Раскрыв при свете единственной лампы саквояж, я извлек цилиндр, отметив влечение металла к поверхности талисмана. Изображения зловеще мерцали на зеркальных боках; тут я невольно поежился, изучая уродливые фигурки орнамента. Жаль, что не сфотографировал их… хотя, возможно, это и к лучшему. Чему я действительно рад, так это тому, что не мог тогда распознать сплюснутую голову похожей на осьминога твари, встречавшейся в большинстве узоров и названной в манускрипте «Кту-Лу». Позднее я связал ее и подземные легенды индейцев с недавно открытым фольклором о чудовищном Ктулху – единственном свидетельстве незапамятного ужаса, просочившегося со стареющих звезд на молодую Землю. Если бы в тот момент я догадывался о такой связи – уверен, никакая сила на свете не заставила бы меня остаться наедине с жуткой находкой. Побочный мотив орнамента, некий гибрид между человеком и змеей, я легко определил как прототип Йига, Кетцалькоатля и Кукулькана. Прежде чем открыть цилиндр, я проверил его магнитные свойства на других металлических предметах – притяжение к ним отсутствовало. Странный магнетизм этой крупицы неведомого мира проявлялся только в присутствии ей подобной.
Наконец я извлек манускрипт и приступил к переводу – занося на бумагу лишь общий смысл фраз и сожалея об отсутствии под рукой испанского словаря, когда попадалось туманное выражение или слово. Странно было осознавать, что хроника четырехвековой давности – тех времен, когда мои предки, подданные Генриха VIII, и не думали переселяться в Новый Свет из Сомерсета и Девона, – может помочь в моих нынешних поисках ответа на столько времени дремавшую тайну. Ощущение близости к прошлому было тем глубже, что в сердце у меня горела неуемная жажда приключений – та же, что побудила испанца-конкистадора ступить за завесу, разделяющую Бытие и Время. В сравнении с этим шагом четыре столетия представлялись океанской песчинкой. Зловещий орнамент цилиндра отверз предо мной ту пропасть, что зияет между всеми живущими на Земле и первородными тайнами, сокрытыми в звездах. На краю этой пропасти Панфил де Замакона и я стояли рядом – как Аристотель и древний правитель Хеопс.

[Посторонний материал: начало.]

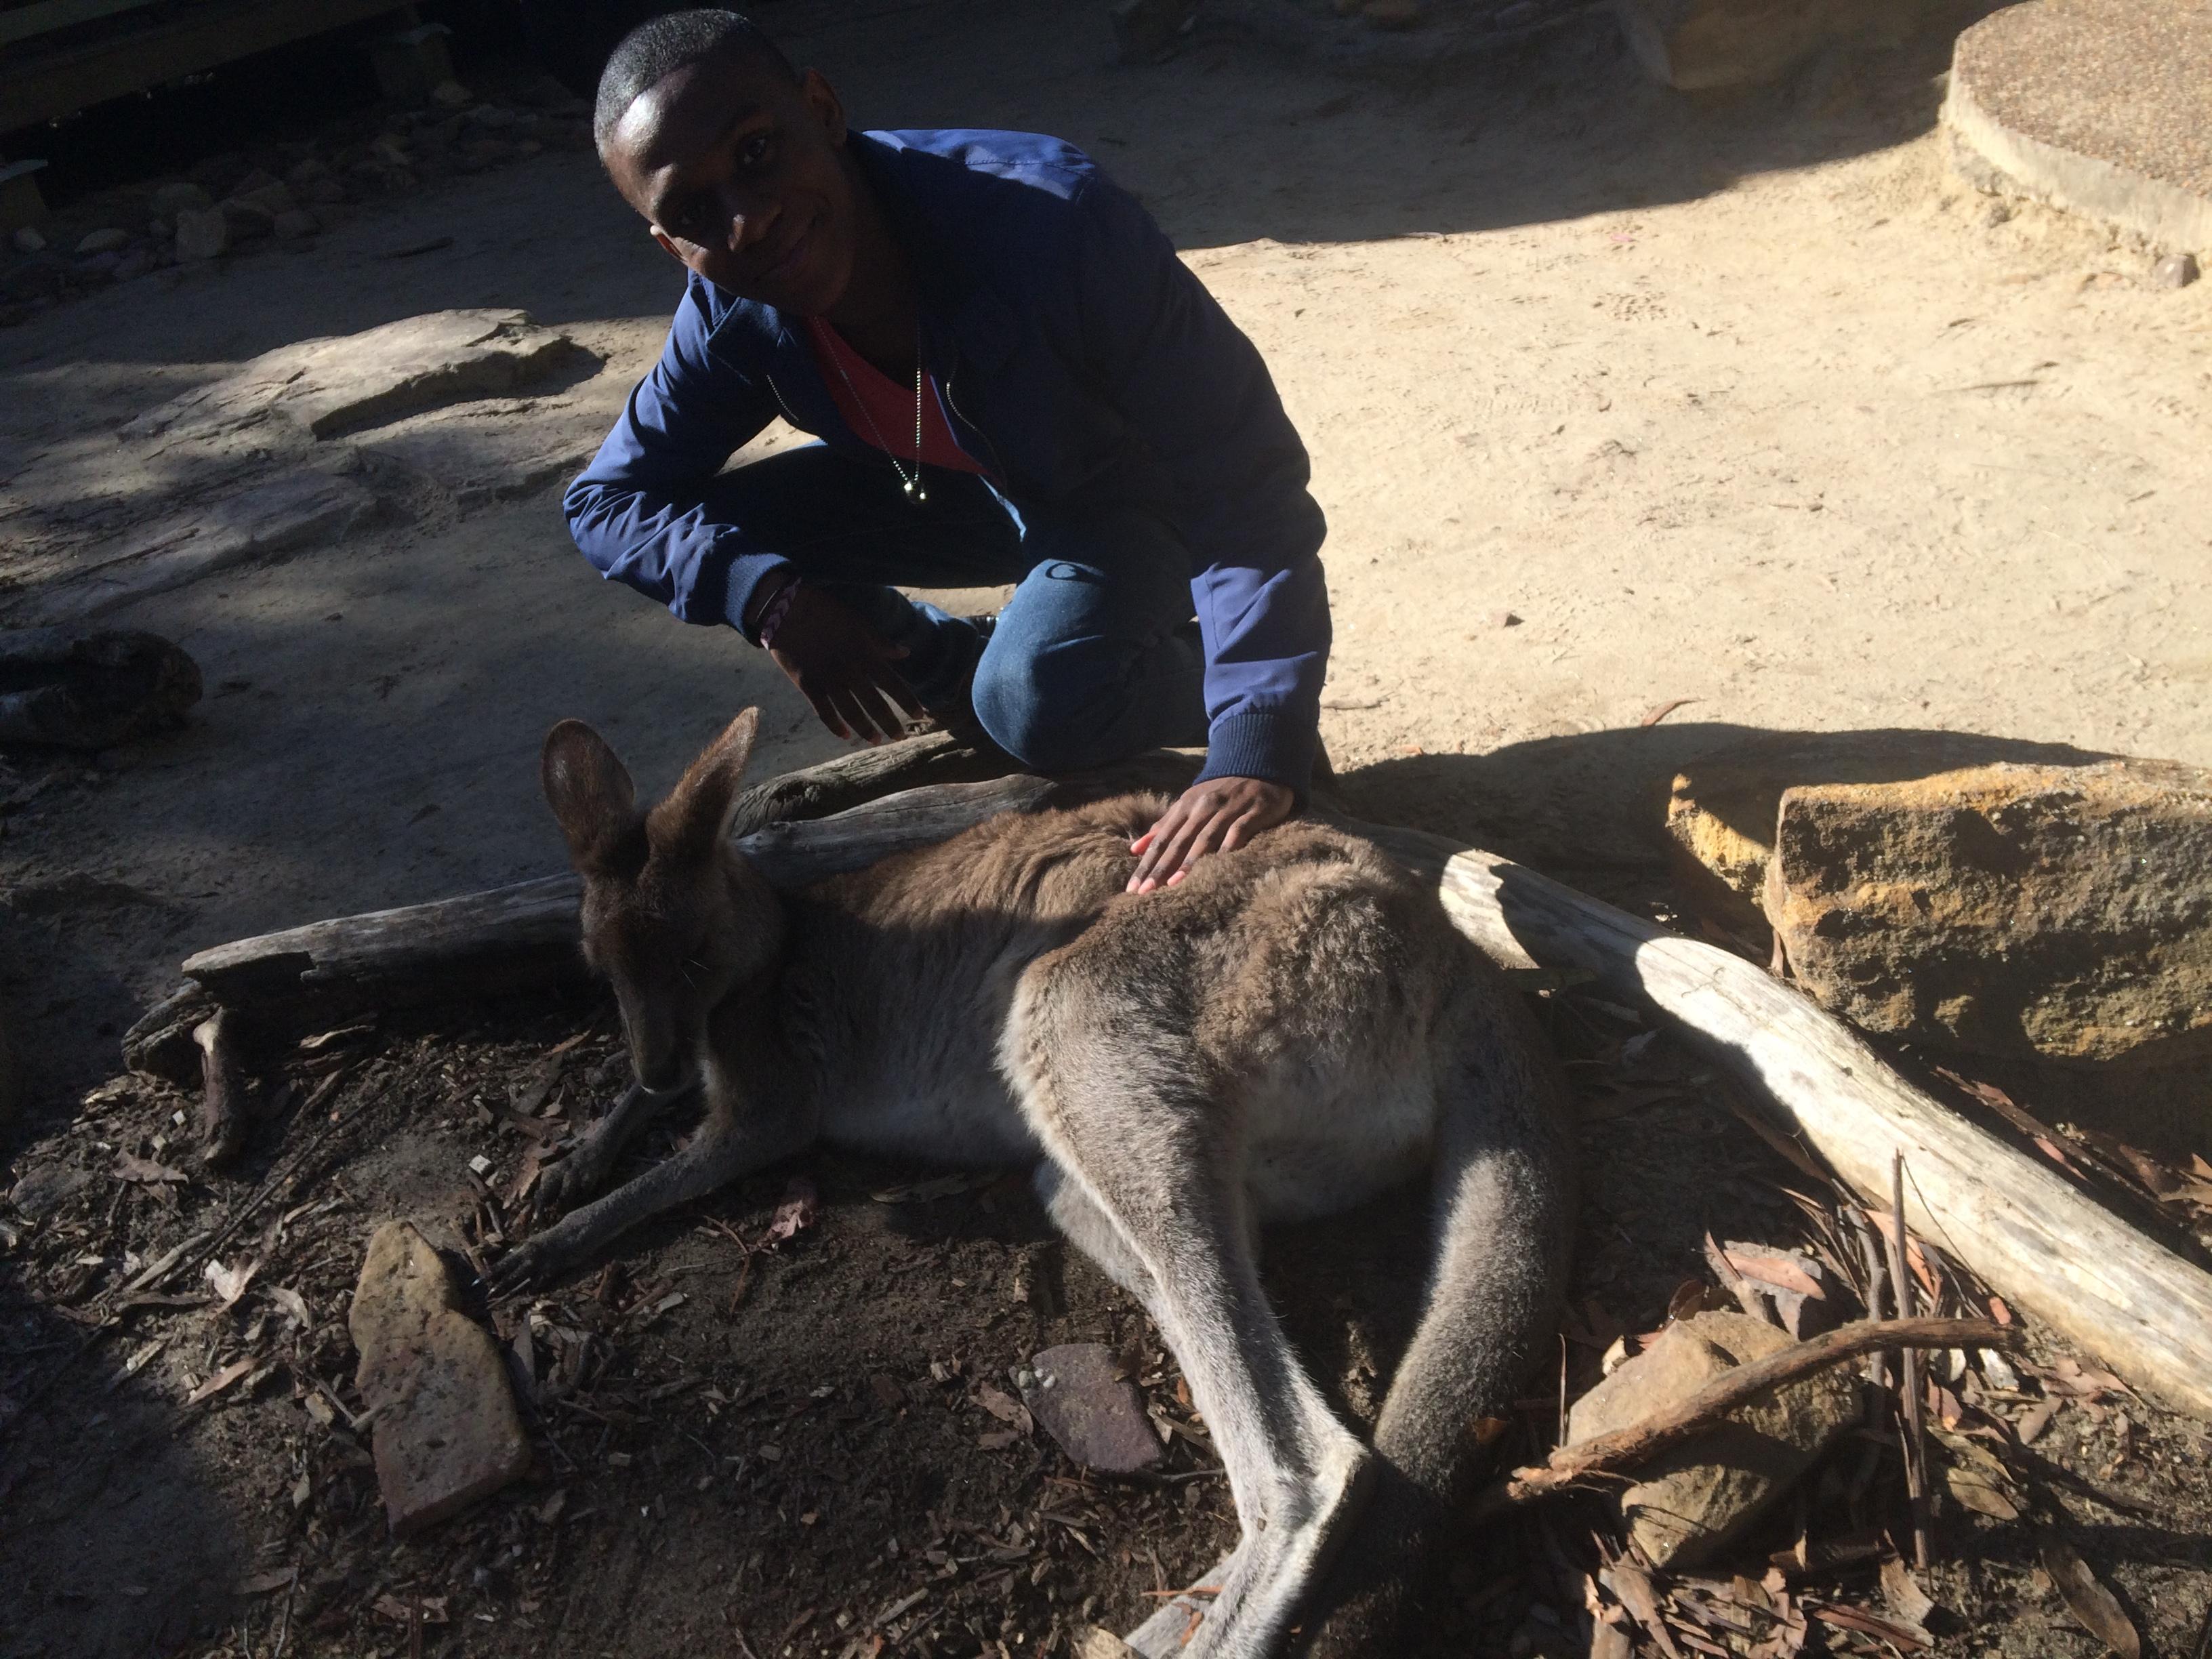 Sholand with a Kangaroo

О юности в Луарке, маленьком порту на побережье Бискайского залива, Замакона рассказывает немногое. Он был младшим и довольно своенравным сыном в семействе, и в Новую Испанию отплыл в 1532 году, едва ему минуло двадцать. Впечатлительный юноша жадно вслушивался в разнообразные толки о затерянных среди джунглей золотых городах и неизвестных странах, простирающихся к северу. Его фантазию особенно взбудоражила история францисканского монаха Маркоса де Ницы, вернувшегося в 1539 году из долгого путешествия с потрясающим отчетом о сказочной Сиболе, о ее обнесенных неприступными стенами городах и сокровищах. Узнав о подготавливаемой Коронадо экспедиции на поиски этих чудес – и еще бóльших, лежащих, как шептались в корчмах, к северу от земель диких бизонов, – юный Замакона успевает попасть в число трехсот солдат и в 1540 году выступает в поход на север.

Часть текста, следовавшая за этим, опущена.